E parto da un’immagine che appare, anche se in forma diversa, in tutte e due le citazioni messe in testa: la relazione/vita che oscilla tra l’ingoiare e il ritrarsi. Etty Hillesum, l’intellettuale ebrea morta ad Auschwitz nel 1943, non parla direttamente né della relazione né del vivere, ma la cosa si intuisce nel sentimento descritto con crudezza: «mangiare» ciò che piace, fosse anche un paesaggio! Il passaggio dalle cose alle persone è immediato, e peraltro nel contesto da cui è tratta la citazione Etty sta parlando di una sua infatuazione per S., partita con l’ingordigia esemplificata nelle metafore viste sopra. Ho saputo che in bengalese il verbo «mangiare» serve anche a esprimere il rapporto sessuale: significativo! In direzione opposta Elizabeth Jennings, poetessa cattolica inglese morta nel 2002, esprime già all’inizio del suo percorso poetico (il brano è del 1955) un tema su cui ritornerà spesso nella sua vasta produzione: la necessità, nella relazione, di andare «oltre il possesso», come recita il titolo della poesia citata, un atteggiamento che lei descrive appunto come «un modo di vivere». Ce ne sono altri? Certo, ma dal contesto sembrerebbe che questo sia l’unico modo che meriti veramente la qualifica di «vita».

 

 

La espulsione – separazione

 

Rinunciare alla voglia di impadronirsi, di «mangiare» l’oggetto desiderato, lasciare che la rosa sia rosa e l’acqua sia acqua: questo è vivere. Sono atteggiamenti in qualche modo già impliciti nel «custodire», ma che meritano di essere ripresi perché l’ingordigia è un istinto forte e radicato, prodotto diretto della nostra insufficienza strutturale, e tanto più dannoso quanto più appare come un’esigenza del tutto legittima: come si deve mangiare perché il corpo viva, così si crede che si debbano «mangiare» le persone che ci piacciono perché la nostra vita sia gratificante e felice, perché sia «una vita», come diciamo. Ma il primo blocco a questa illusione viene posto proprio all’inizio dell’esistenza: la madre deve espellere il bambino perché egli possa vivere, il cordone deve essere tagliato, metafora primaria di tutta una serie di separazioni, se non di vere e proprie «morti», necessarie perché una persona possa vivere.
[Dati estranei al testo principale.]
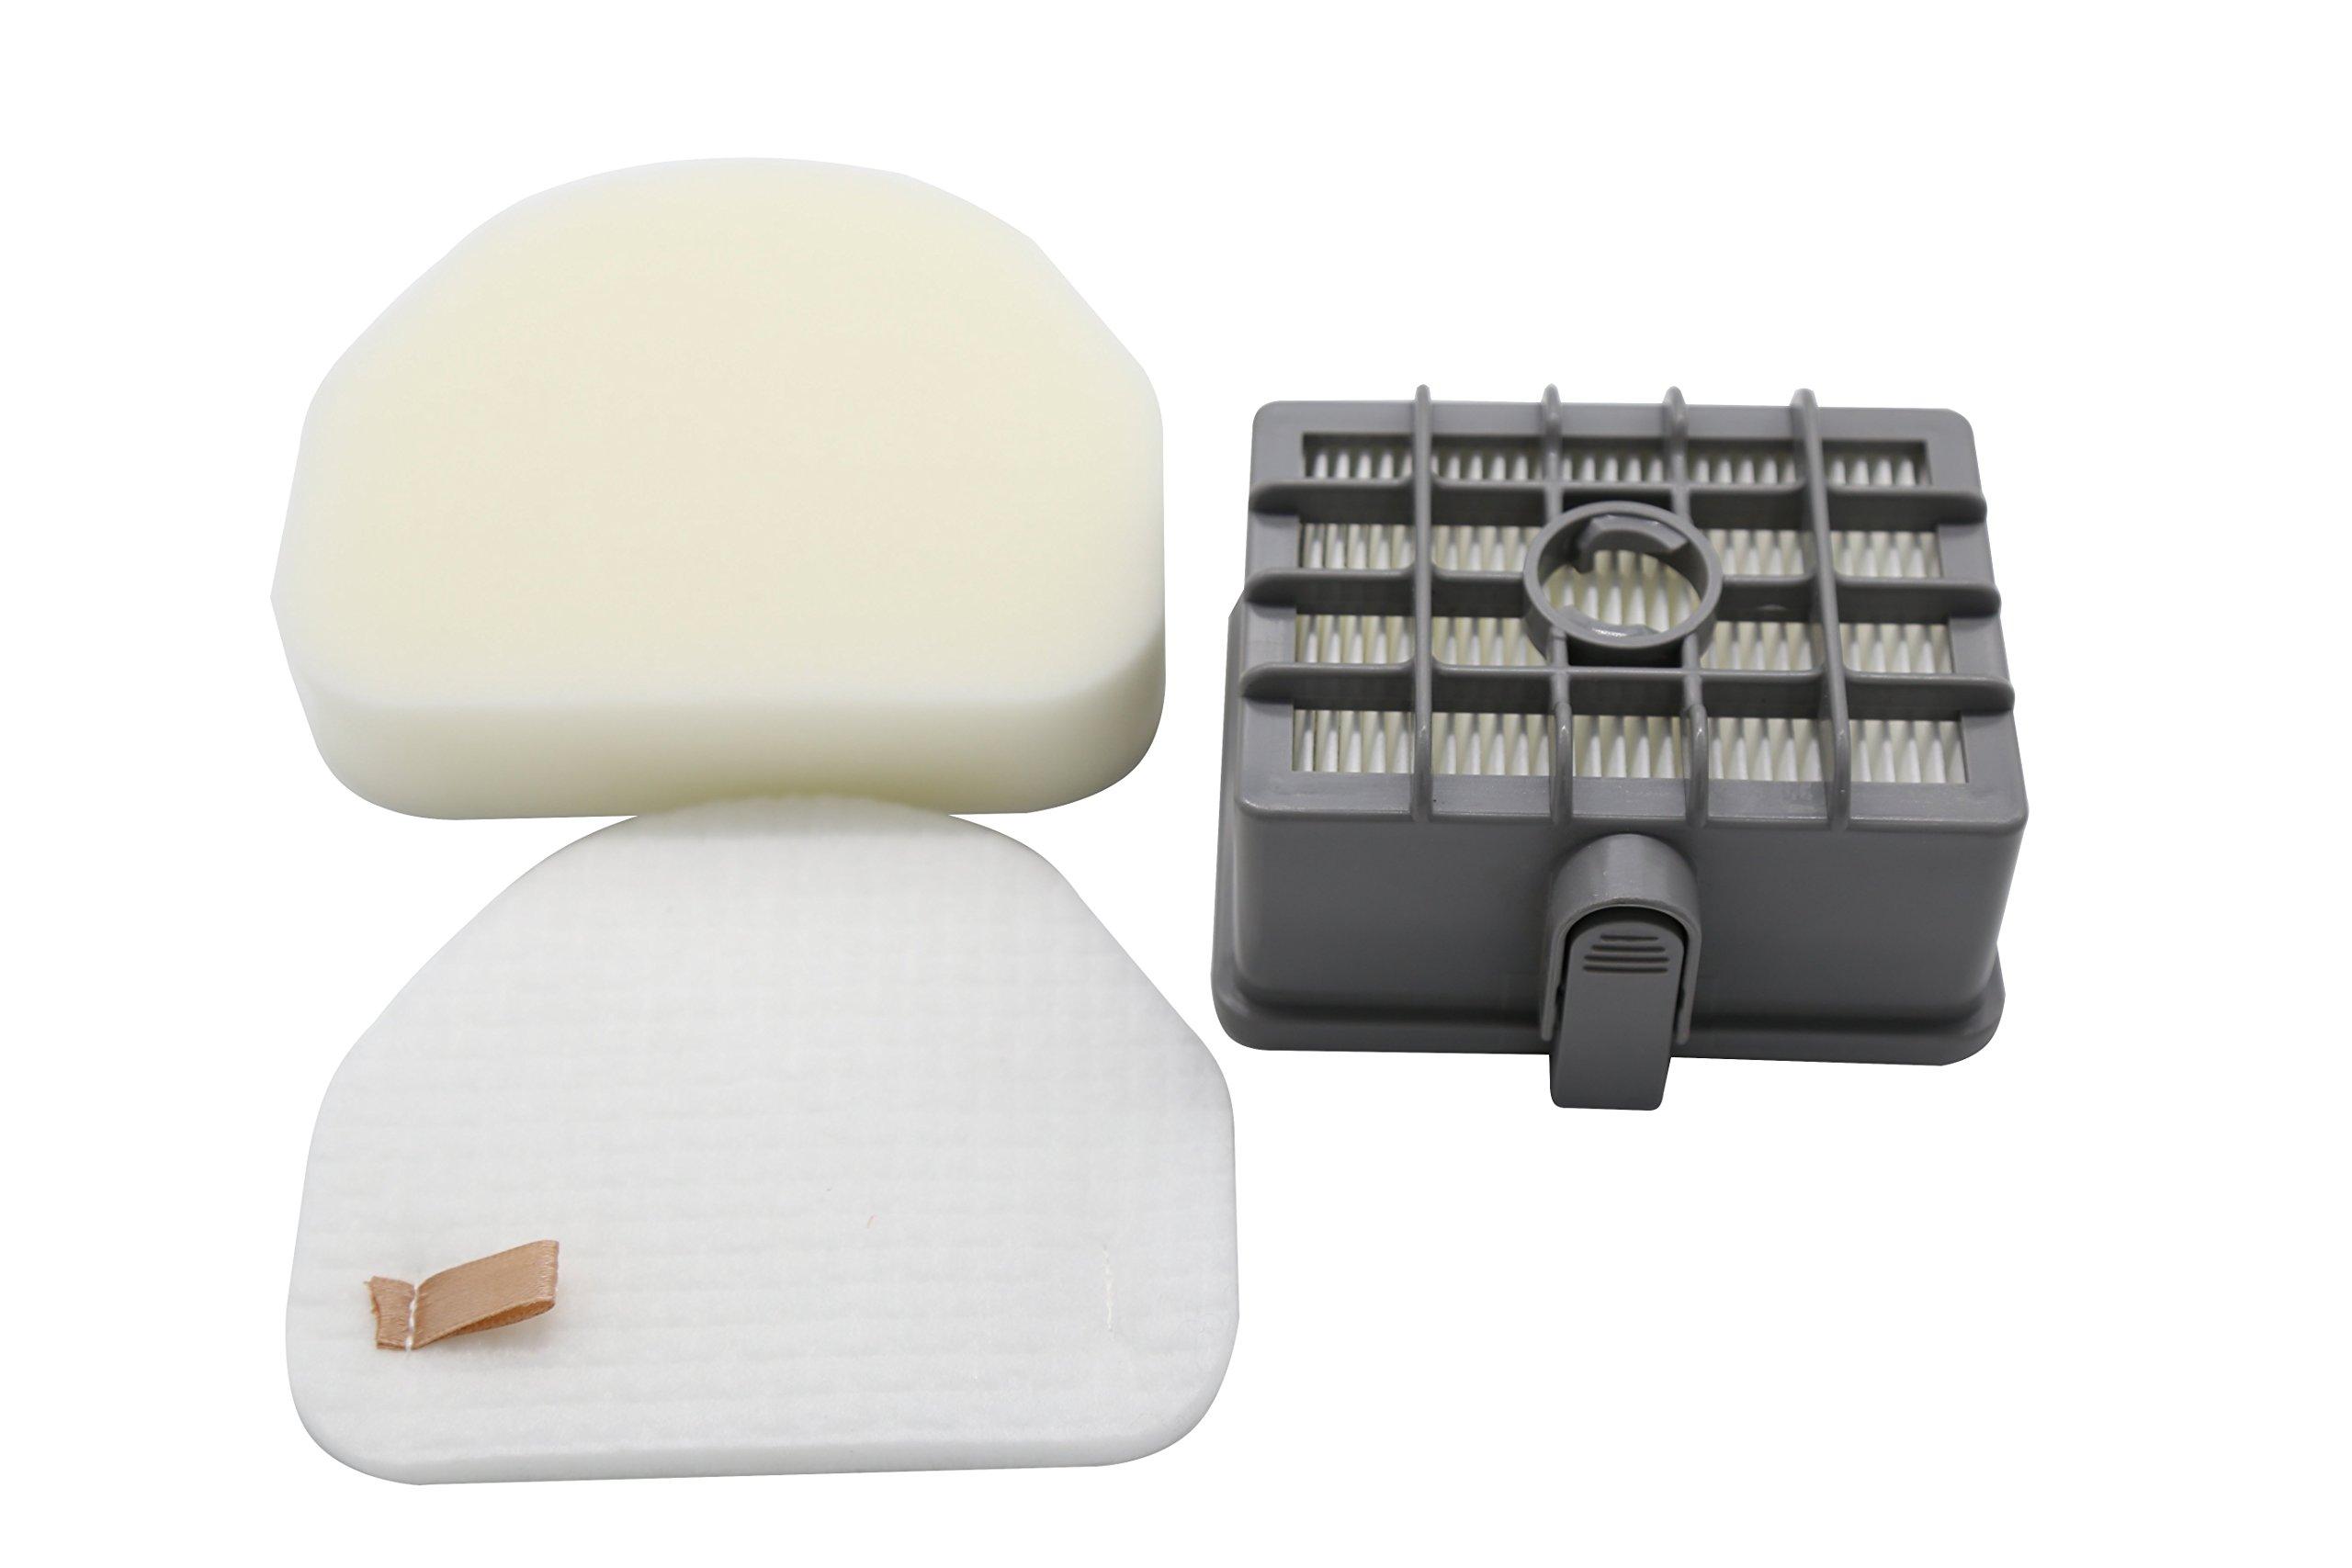 (1 Set) SHARK NV450 Filter Kit: 1 HEPA XL Rotator Filter, 1 Foam & 1 Felt Filter, Fits Shark NV450 XL Vacuums, Compares to Parts # XHF450 & XFF450. Genuine Gold Line filters.

La partenza di questa riflessione può sembrare anche troppo severa, ma quando è in gioco nientemeno che la vita non si può non essere seri e onesti con se stessi. Del resto l’espulsione-separazione è solo un momento del nascere e, aggiungerei, del vivere: l’altro momento, in qualche modo simultaneo, è che all’uscita dall’utero, per sopravvivere, il bambino deve trovare due braccia che lo accolgono. In questo duplice movimento di distacco e di prossimità la relazione vive e fa vivere.

 

 

Lasciar respirare

 

Possiamo provare a tradurre con altre parole questo doppio polmone in cui respira la vita. E la prima immagine è proprio suggerita dal verbo respirare. Noi sappiamo che cosa significa un tipo di relazione che giudichiamo soffocante, che ci toglie il fiato, come si dice, e dunque che ci impedisce di vivere. Lasciare uno spazio di aria attorno alla persona che amiamo, lasciarla respirare, è in fondo un lasciarla vivere, senza che siamo necessariamente noi a dettare le condizioni. Libertà, generosità, apertura, dove perfino la passione può trovare un spazio non fagocitante e non distruttivo, e dove il cuore che nella liberalità è diventato magnanimo, batte allo stesso ritmo della rosa e del fiume, come scrive la Jennings nella terza e ultima strofa della poesia citata all’inizio:

 

¬´Tu devi andare ancora pi√π a fondo, devi giungere a un amore

dove il pensiero è libero di lasciare che l’acqua scorra,

è generoso con la rosa dandole così la vita

e mettendo da parte persino la propria ombra;

fino a che il fiore e l’acqua si fondono con la libertà

della passione che non li rinchiude e non nasconde

le loro nature più profonde; ma il cuore è tanto forte

da battere con rosa e fiume in un solo canto».

 

È la stessa opera di purificazione di cui dà conto la Hillesum in un altro punto della stessa pagina di diario citata prima: «Il suo volto (di S.) c’è ancora, mentre lavoro, ma non mi distrae più, è diventato come un paesaggio amato e familiare che sta sullo sfondo. I suoi tratti sono sfumati, non vedo più un volto preciso – s’è dissolto in atmosfera, spirito, o altro che sia». Quando la relazione diventa una presenza pacificante è allora che si coglie al massimo la sua potenzialità di dare vita. È quando non è più necessario il tanto parlare, e al limite neanche un’eccessiva presenza fisica. E chiunque può misurare la distanza abissale che c’è tra un vivere percepito come «mangiare», e un vivere goduto nella sensazione di una vicinanza, così vasta da poter essere chiamata «sfondo», così delicata da poter essere chiamata «atmosfera», eppure proprio per questo così pervasiva e amorosa da aiutarci a vincere ogni senso di dolorosa solitudine.

 

 

Esistere: sapere che qualcuno ci ama

 

Credo che la relazione ravvivi le persone proprio nel suo dare senso al nostro essere: questo significa il pensarla come «sfondo». Esisto perché qualcuno mi ama. Vivo perché il mio essere al mondo dà senso a qualcuno, e riceve senso da qualcuno. Ogni altra forma di «vita» mi pare almeno seconda rispetto a questa che nasce dell’essere in relazione di cuore e di spirito con qualcuno. Non è una condizione che si raggiunge una volta per tutte. Ci vuole anche molto tempo per apprenderla. Il capire che si vive dando vita, che si dà vita accettando anche la legge della separazione, e che comunque una distanza di «respiro» va sempre interposta perché senza «aria» non si vive, così come è cruciale saper accogliere, o custodire, o sopportare: tutto questo è impresa che impegna un’intera esistenza.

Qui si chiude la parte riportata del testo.